Meet the Other Phone. Child-safe in minutes.

Meet the Other Phone.
Child-safe in minutes.

Buy now

Please or to access all these features

AIBU?

Share your dilemmas and get honest opinions from other Mumsnetters.

Why don't people just ask for a seat on the train/tube?

199 replies

coverp · 25/01/2024 13:32

Pregnant with DC3, regular commuter (London) on both the train and the tube.

Have just heard from a friend (pregnant with first DC) that she sat in the aisle on the train today as no one offered her a seat even though she had her badge on.

I asked why she didn't just ask someone for a seat - she was shocked and said 'you can't do that!'.

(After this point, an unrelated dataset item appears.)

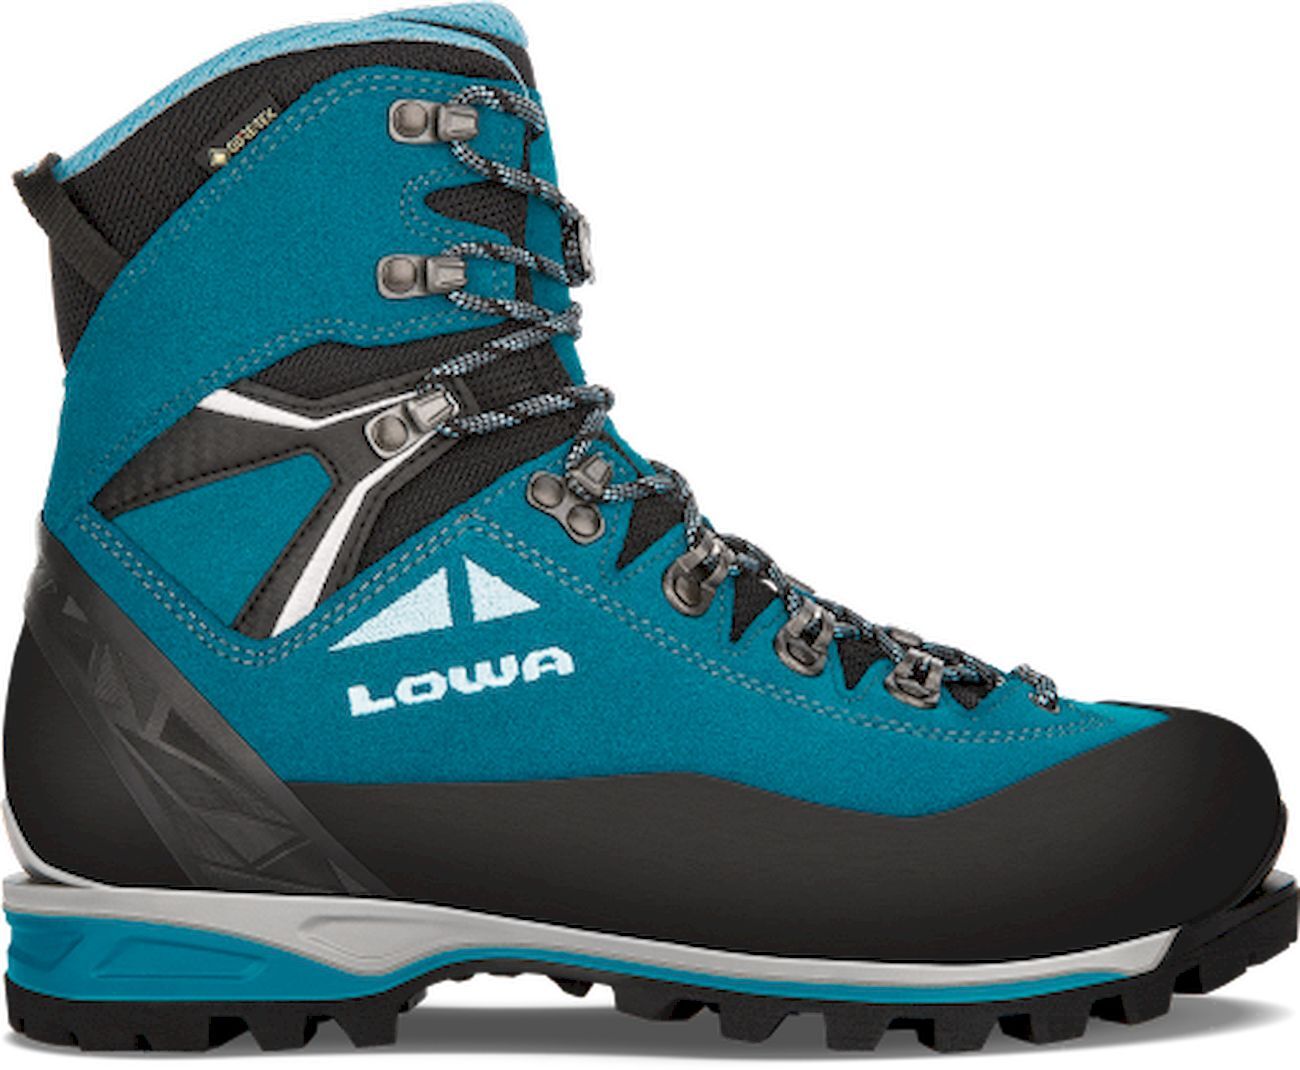 Lowa Alpine Expert ll GTX - Mountaineering boots - Women's

Am I missing something? If I've felt like I needed to sit (usually in first trimester more so than later on, but am now hitting the point where I may need to start again) - I just edge towards a pair or group of priority seats and ask 'Would someone mind letting me sit please?'.

I've probably done this 50+ times over 3 pregnancies and never once not have someone stand up for me with good grace. I avoid people who visibly can't stand easily themselves, and take the approach that it's unlikely that in a group of 6-8 people that every one of them has a hidden disability that makes it hard for them to stand.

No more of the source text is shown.